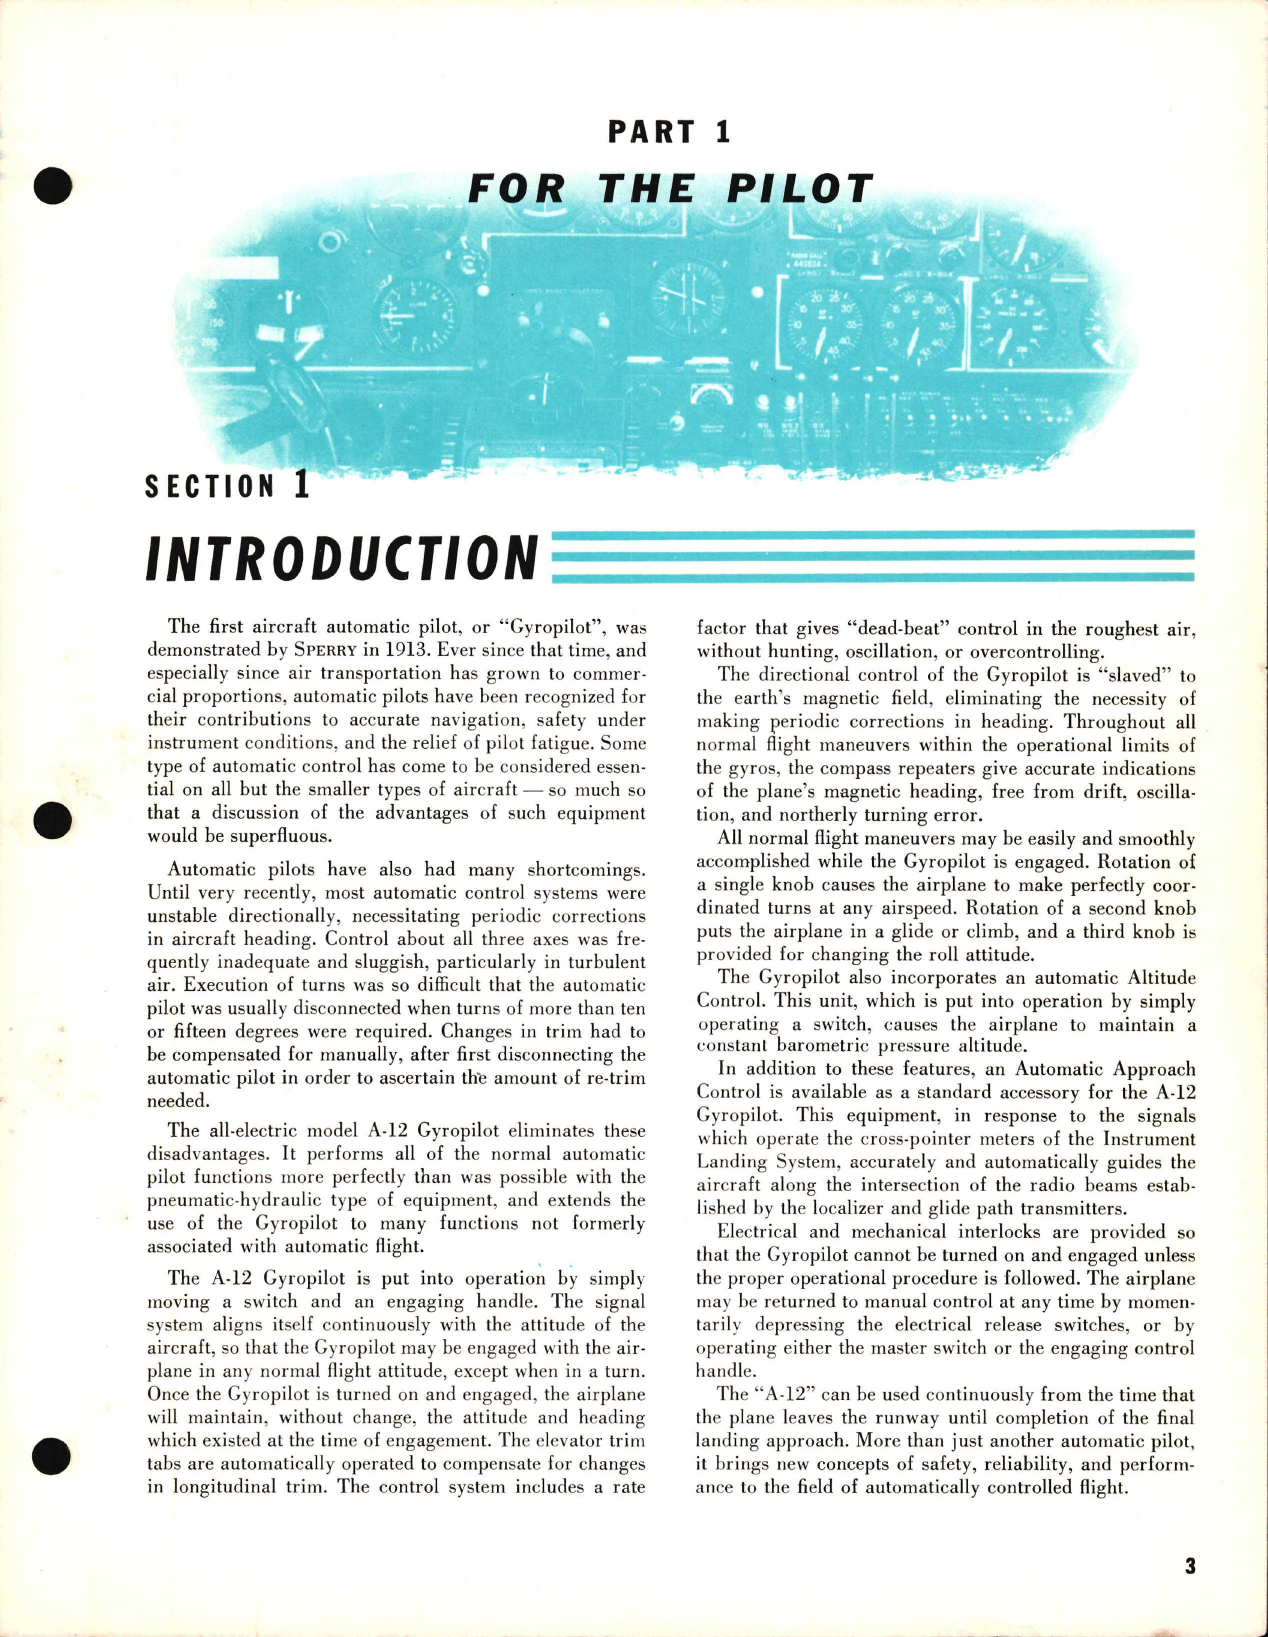 Sample page 5 from AirCorps Library document: Operation and Service for Model A-12 Gyropilot Flight Control
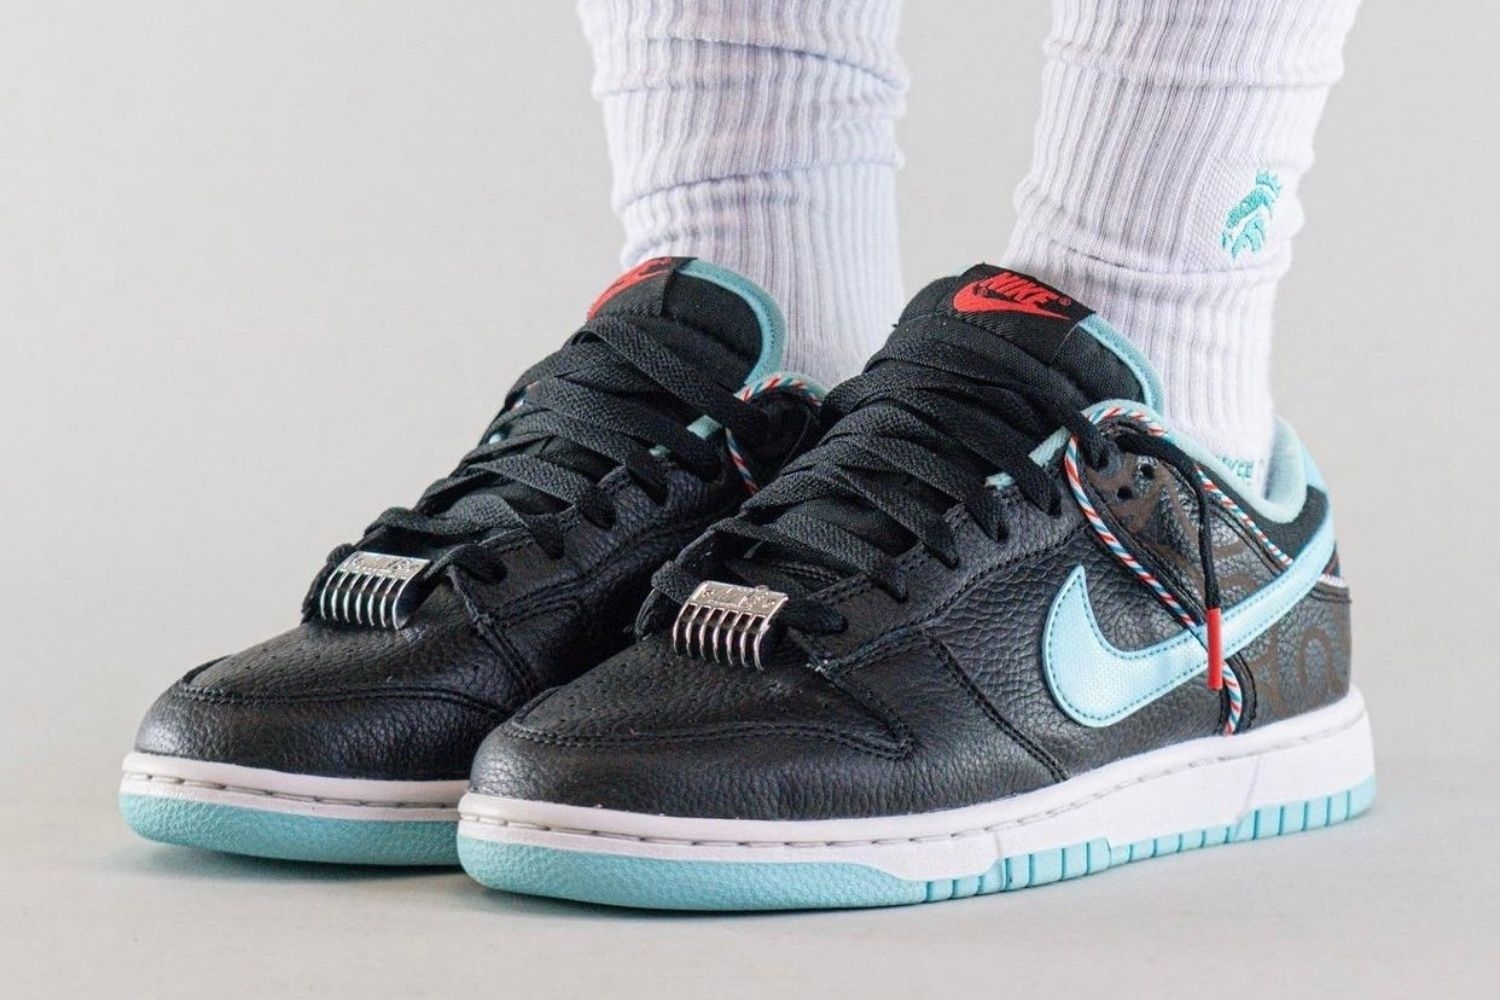 Check out the Nike Dunk Low 'Barber Shop' here
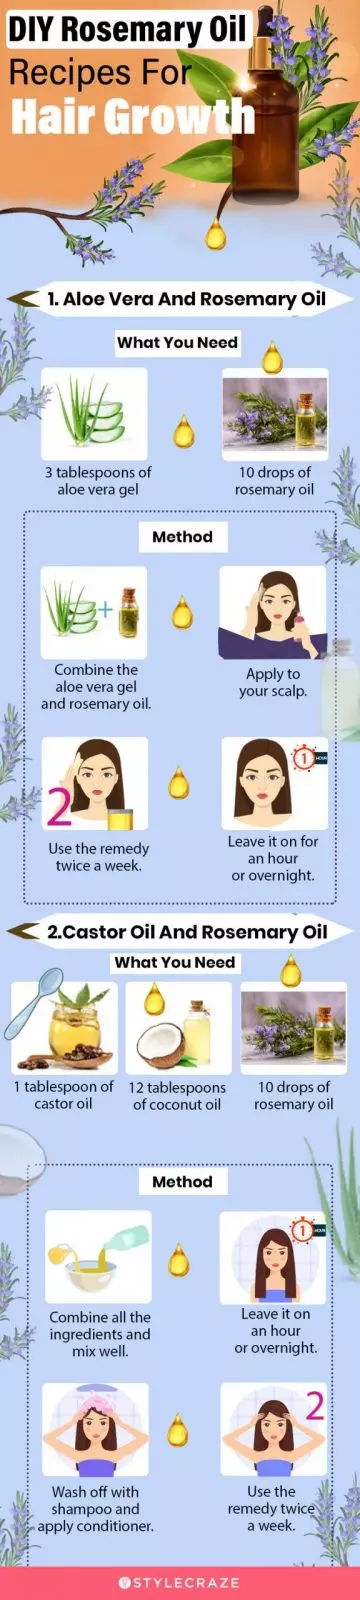 diy rosemary oil recipes for hair growth (infographic)
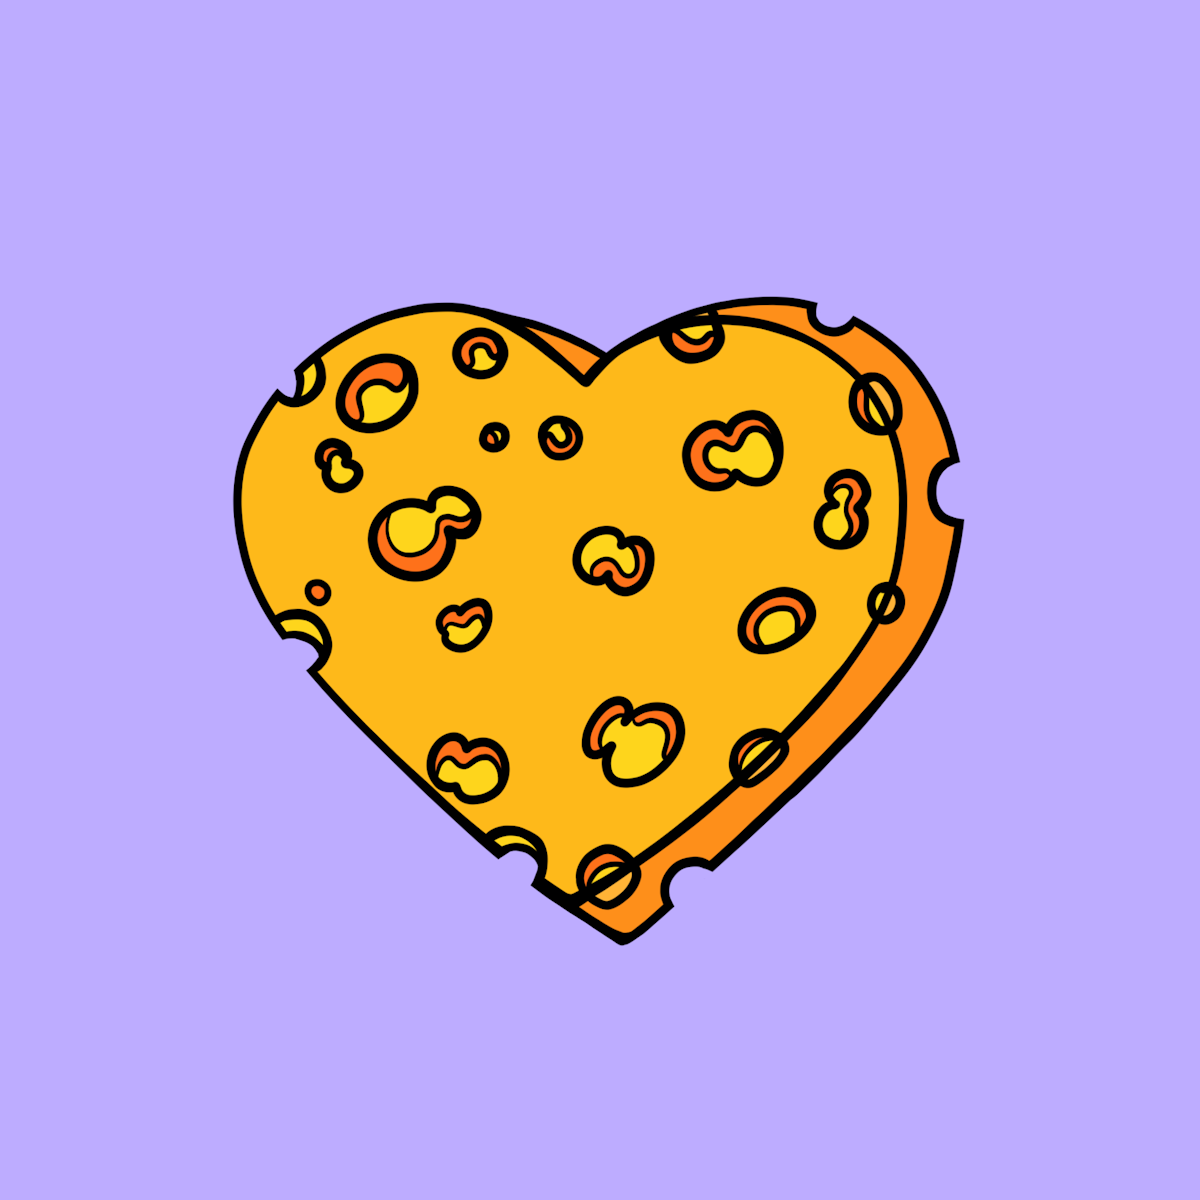 Illustration of a romantic, heart-shaped cheese.
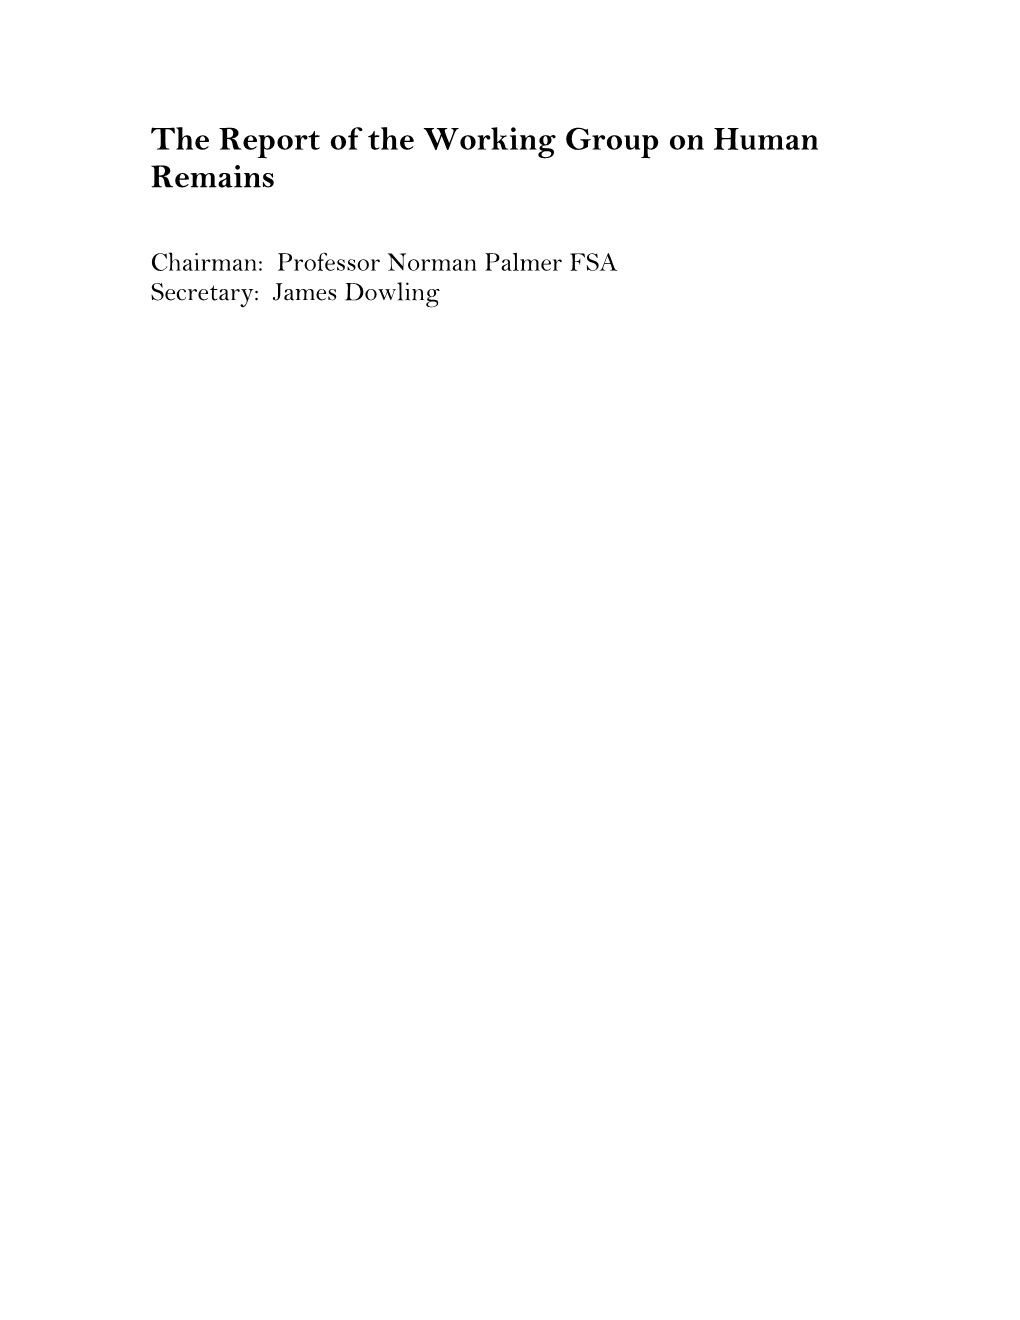 The Report of the Working Group on Human Remains

> **Task details**:
Your output should be exactly the lines of the records above from the one with "diy rosemary oil" through the last, both ends included, with pictures excluded.

> **Answer for this exercise**:
 diy rosemary oil recipes for hair growth (infographic)
 Illustration of a romantic, heart-shaped cheese.
 The Report of the Working Group on Human Remains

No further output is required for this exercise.